Статья Распадова, хотя не совсем корректная с точки зрения социалистического реализма, произвела впечатление на читателей, понравилась идеологическим органам, и Петр Климович Поросянинов, прочитав статью, сказал про Распадова: «Да, наш человек! – И, подумав, добавил: – Наш!»
Что же до Макса Огородова, то он, сотворив столь безусловный шедевр, сильно прославился, получил много казенных заказов, Сталинскую премию третьей степени, а потом второй степени, а потом первой степени, а жену Зинаиду, как она и опасалась, скоро сменил на новую, первой степени, бывшую восемнадцатью годами моложе. И конечно, сильно зазнался. Зазнавшись, утверждал, что превзошел всех современных ему скульпторов, даже Томского и Коненкова. А из ваятелей прошлого равными себе признавал только Мирона, Праксителя, Микеланджело и частично Родена.
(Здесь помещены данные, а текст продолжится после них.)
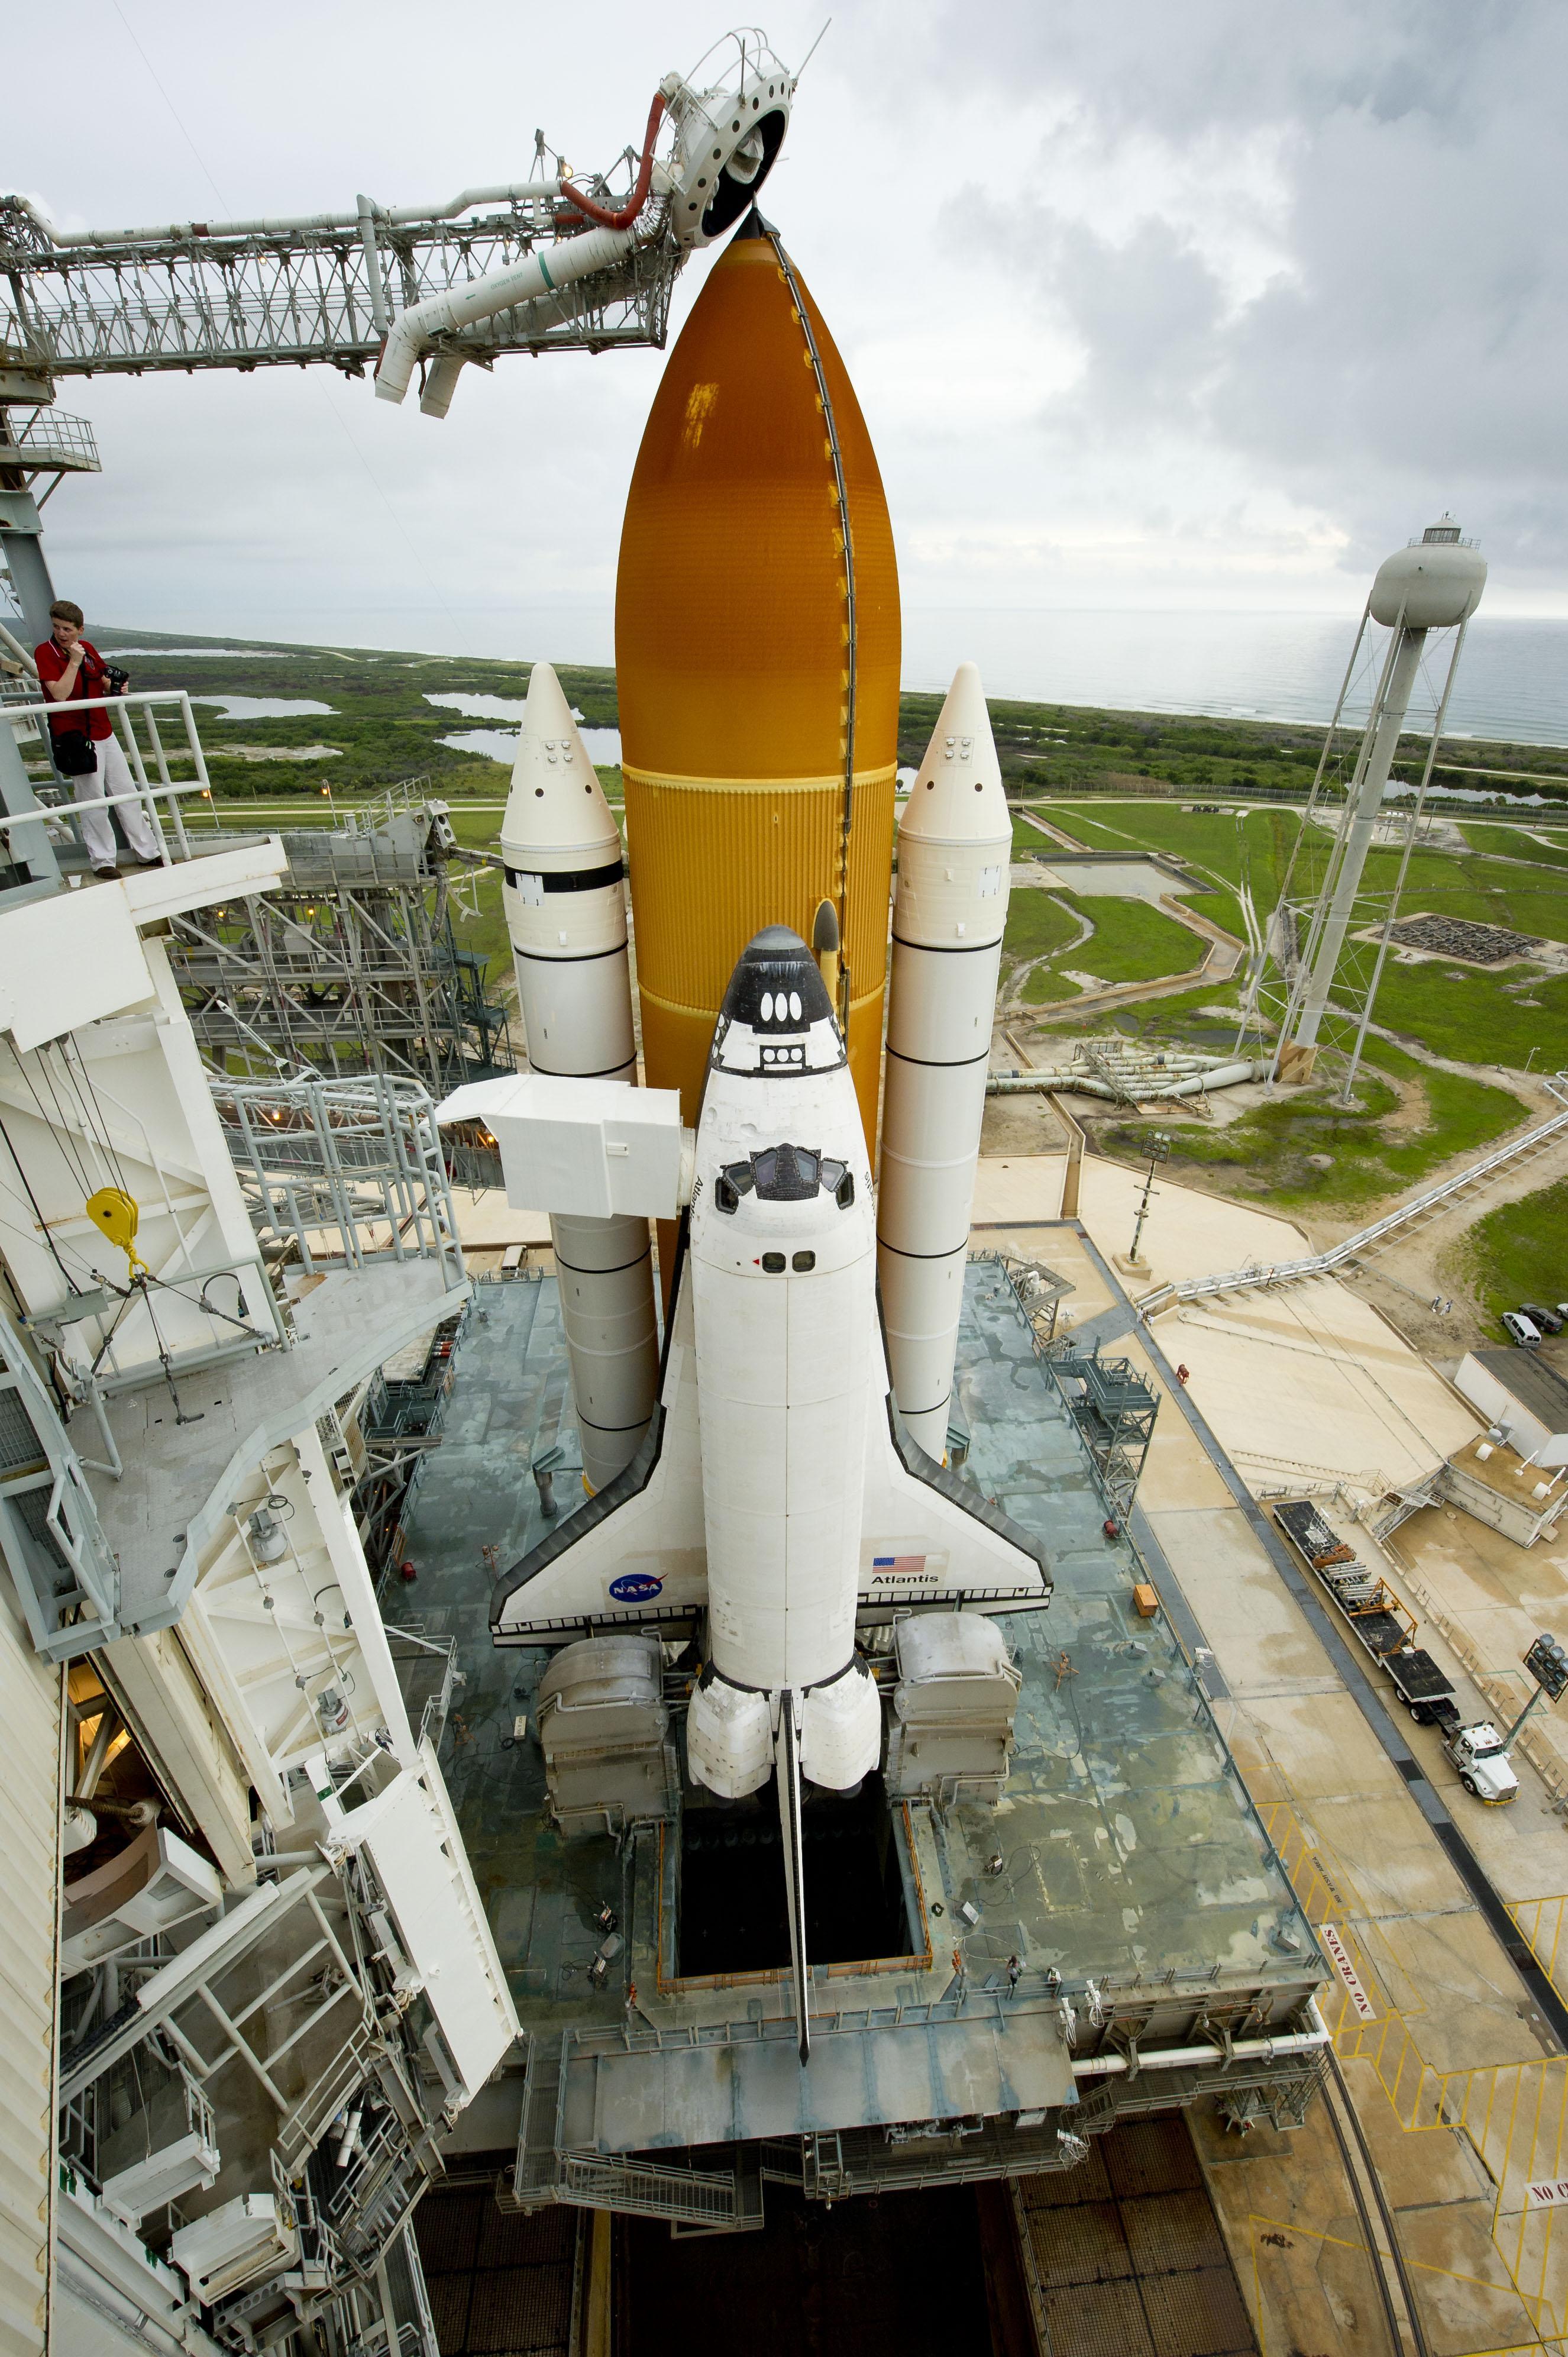 space shuttle atlantis mission - photo #44

Не будем отрицать, сотворенное Огородовым чудо было действительно чудо. Оно повергло в изумление даже самых искушенных, недоверчивых и ревнивых знатоков искусства. Ученые-искусствоведы специально ехали в Долгов не только в предвкушении двадцати шести рублей командировочных в сутки, а желая увидеть своими глазами и убедиться. Один из них, убедившись, достал из кармана платок, промокнул им глаза и сказал: «Всё! Теперь можно и умереть». И никому не показалась эта реакция чересчур чувственной. Все видели, что памятник в самом деле отличался от других подобных излучаемой им таинственной силой. Он стоял посреди площади, к которой стекались со всех сторон большие и малые улицы. Но раньше они сходились здесь просто так, в результате многовекового хаотичного градостроительства. Теперь же каждым человеком ощущалось физически, что улицы эти и переулки притягиваются сюда силою необычайного исходящего от памятника магнетизма, а сам он является естественным центром города, больше того – таким центром, без которого город не может функционировать, как колесо без оси. Тому, кто бывал в Долгове в те времена, невозможно было себе представить, а как же этот город столько сотен лет мог вообще существовать без этого изваяния.
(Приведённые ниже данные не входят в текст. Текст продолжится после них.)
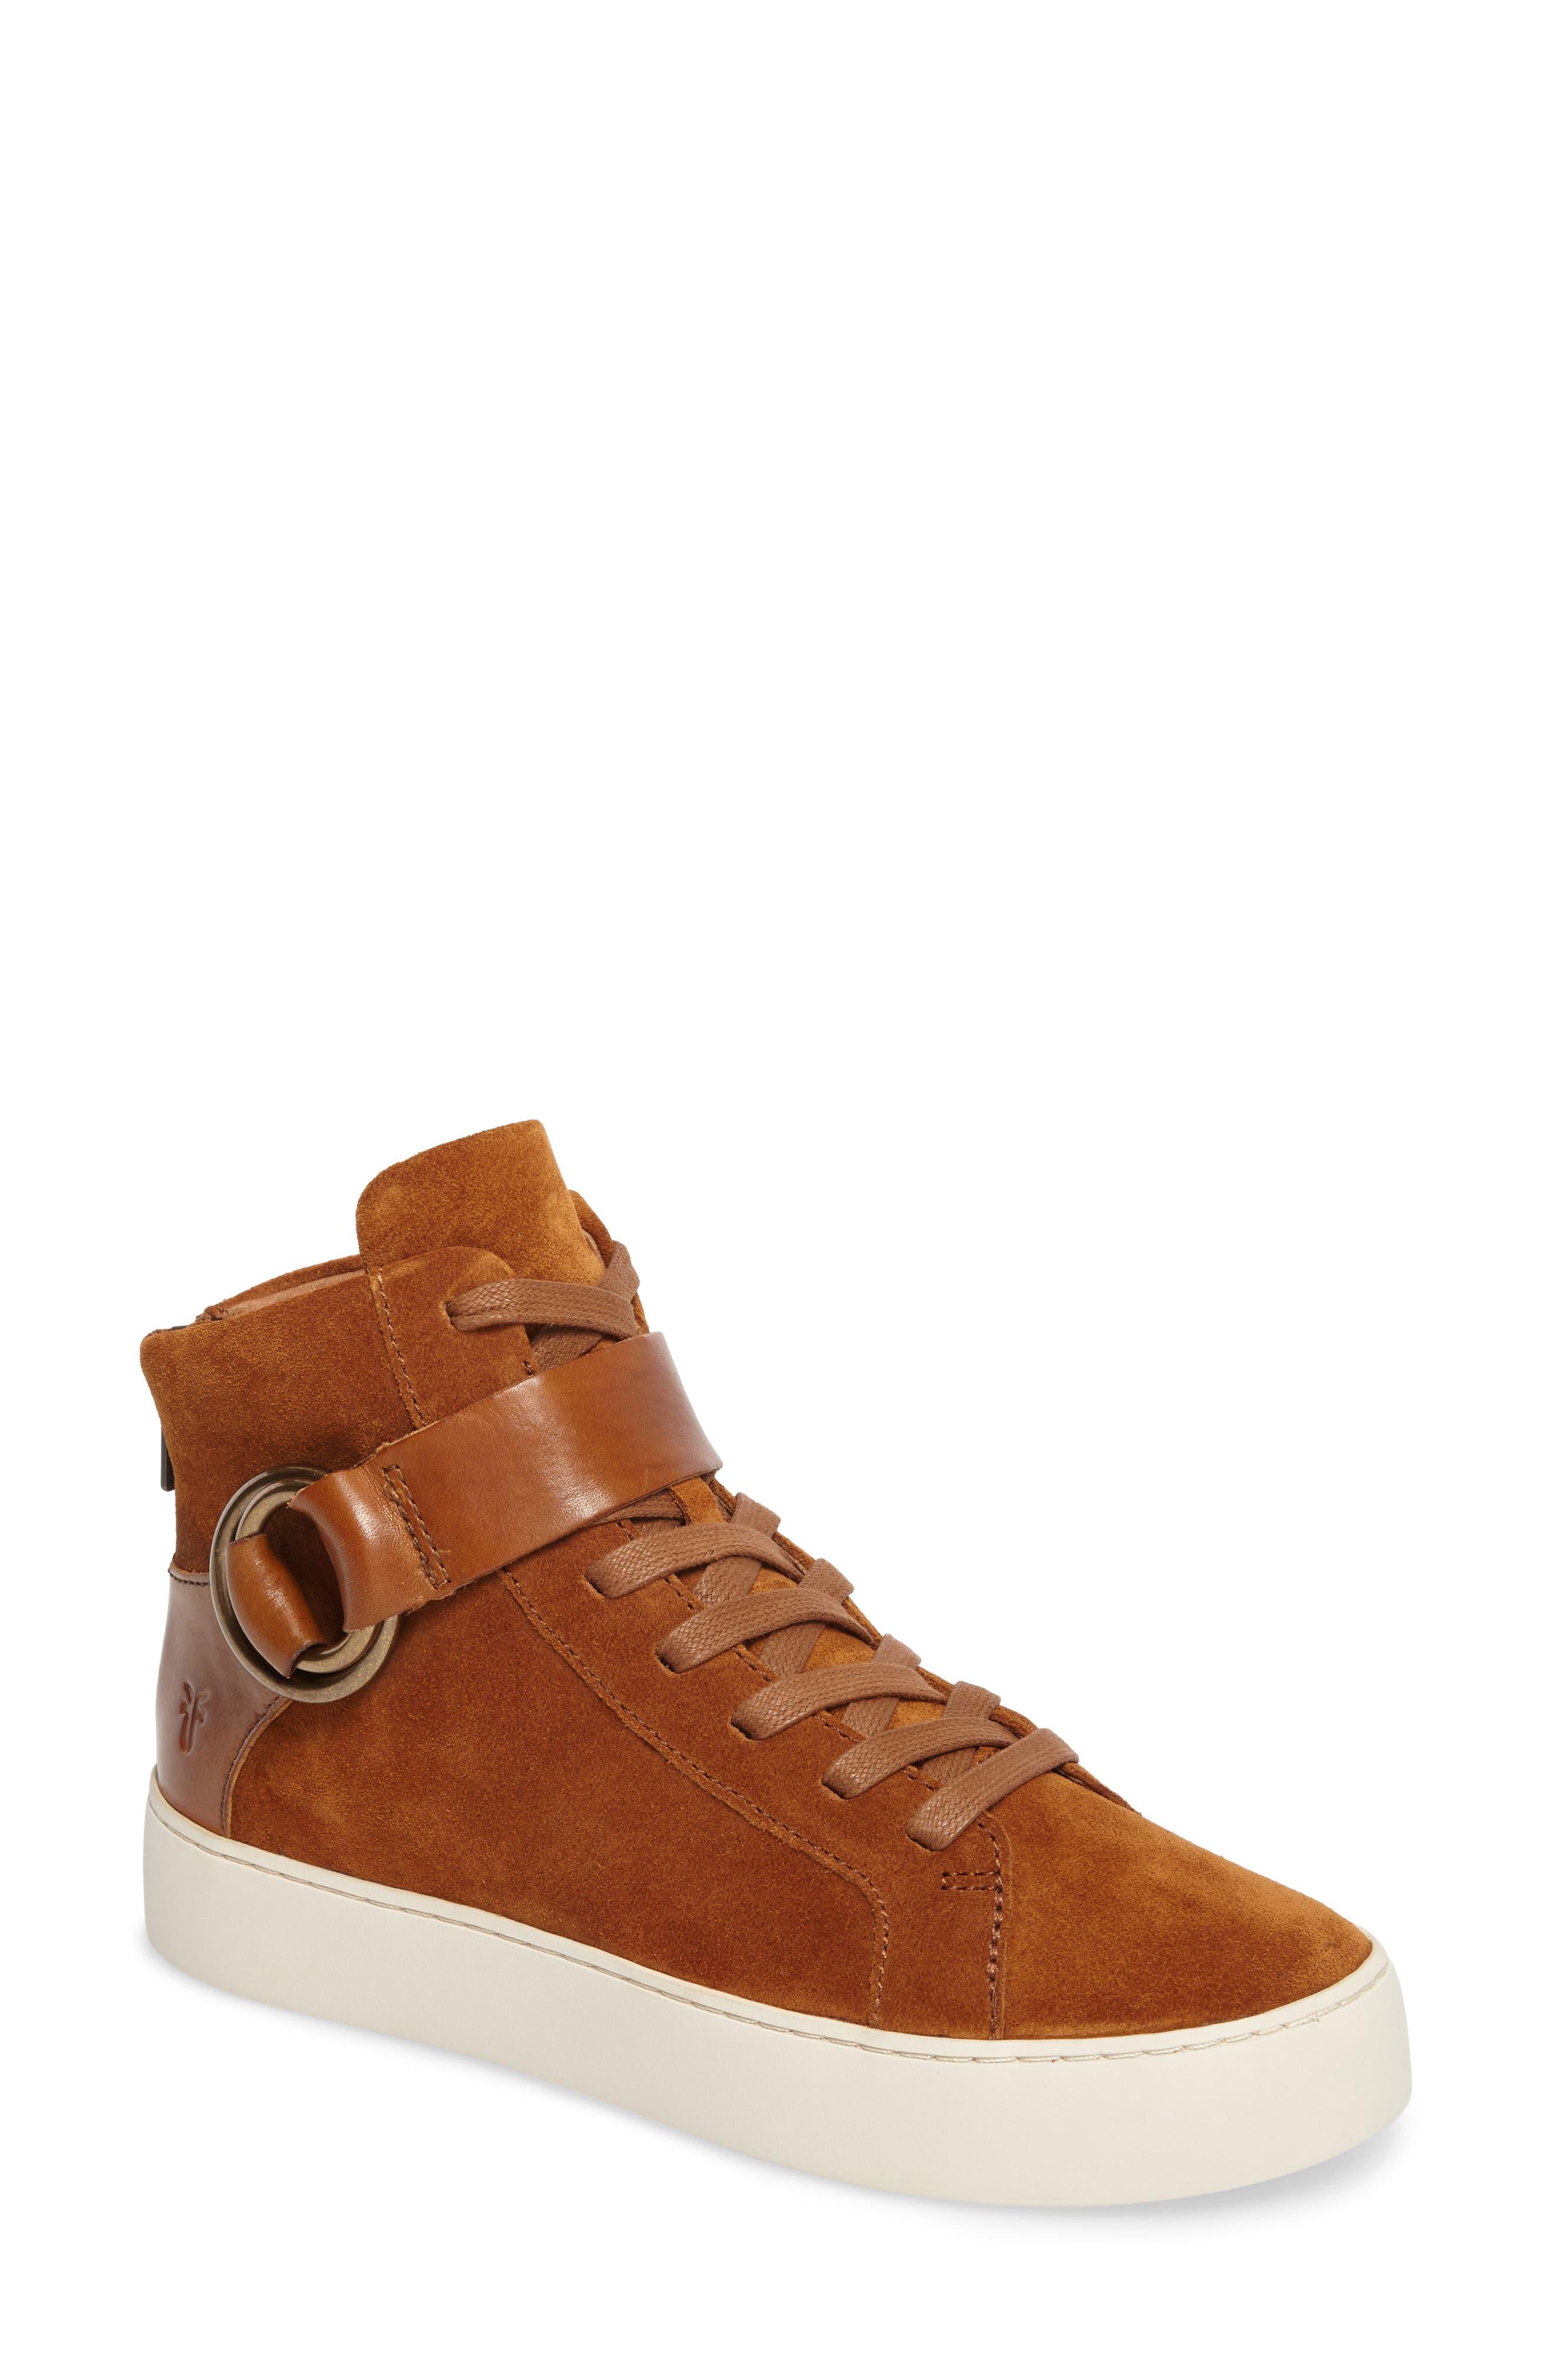 Alternate Image 1 Selected - Frye Lena Harness Sneaker (Women)

Толпы людей, местных и проезжающих, ходили смотреть и отмечали тот факт, что, с какой бы стороны человек ни очутился у памятника, слева или справа, чугунный вождь смотрел в его сторону, а зашедшему сзади казалось, что статуя видит его даже спиной. А уж прямой взгляд чугунного человека на любого наводил непонятный страх с переходом в леденящий ужас. Это касалось не только людей, но и животных более низкого класса. Даже голуби не садились на железную фуражку, хотя верх ее был круглым, плоским, удобным для взлета, посадки и отправления птичьих естественных надобностей. Кроме того, статуя (но это уж мелочи) никогда не подвергалась коррозии.
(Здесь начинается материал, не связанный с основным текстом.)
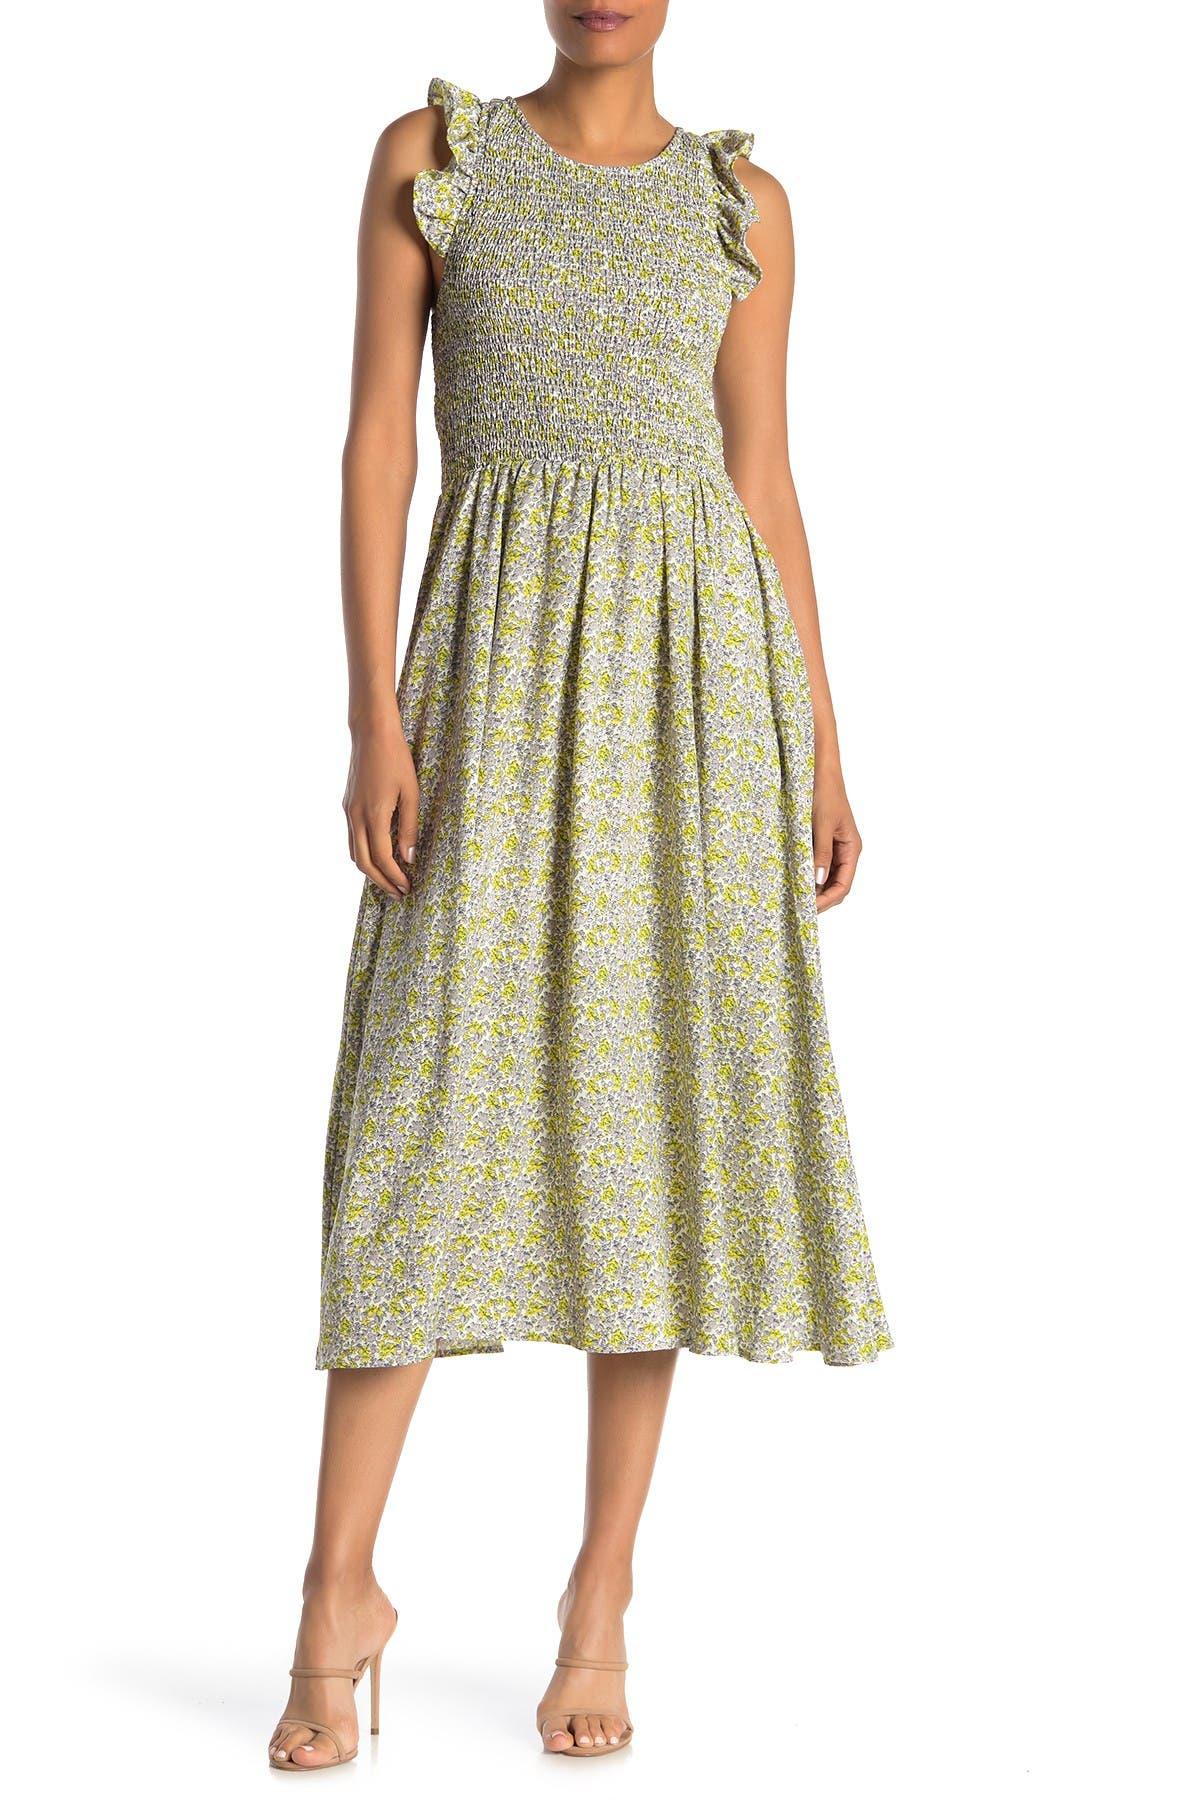 Image of MELLODAY Smocked Cap Sleeve Maxi Dress

Слух о необычайном творении скульптора Огородова разошелся далеко, и однажды из Москвы специально прибыл в Долгов влиятельный член Политбюро посмотреть, не стоит ли перенести монументальный шедевр в Москву. Явившись на площадь в сопровождении Кужельникова, он посмотрел на статую и тоже испытал очевидное беспокойство, а придя в себя, сказал: «Не надо нам этого!» И опять дело кончилось кадровым вопросом. Кужельников был со своей должности снят и отправлен послом куда-то в Африку. Но и сам этот член Политбюро спустя короткое время куда-то сгинул, и именно из-за этой фразы: «Не надо нам этого!» Фразу передали Сталину, Сталин подумал, что имелось в виду – не надо нам этого – то есть самого Сталина, а не скульптуры, после чего член Политбюро исчез, имя его выпало из всяких списков, учебников, справочников и энциклопедий, и теперь даже историки не могут сказать достоверно, был он вообще когда-нибудь или нет.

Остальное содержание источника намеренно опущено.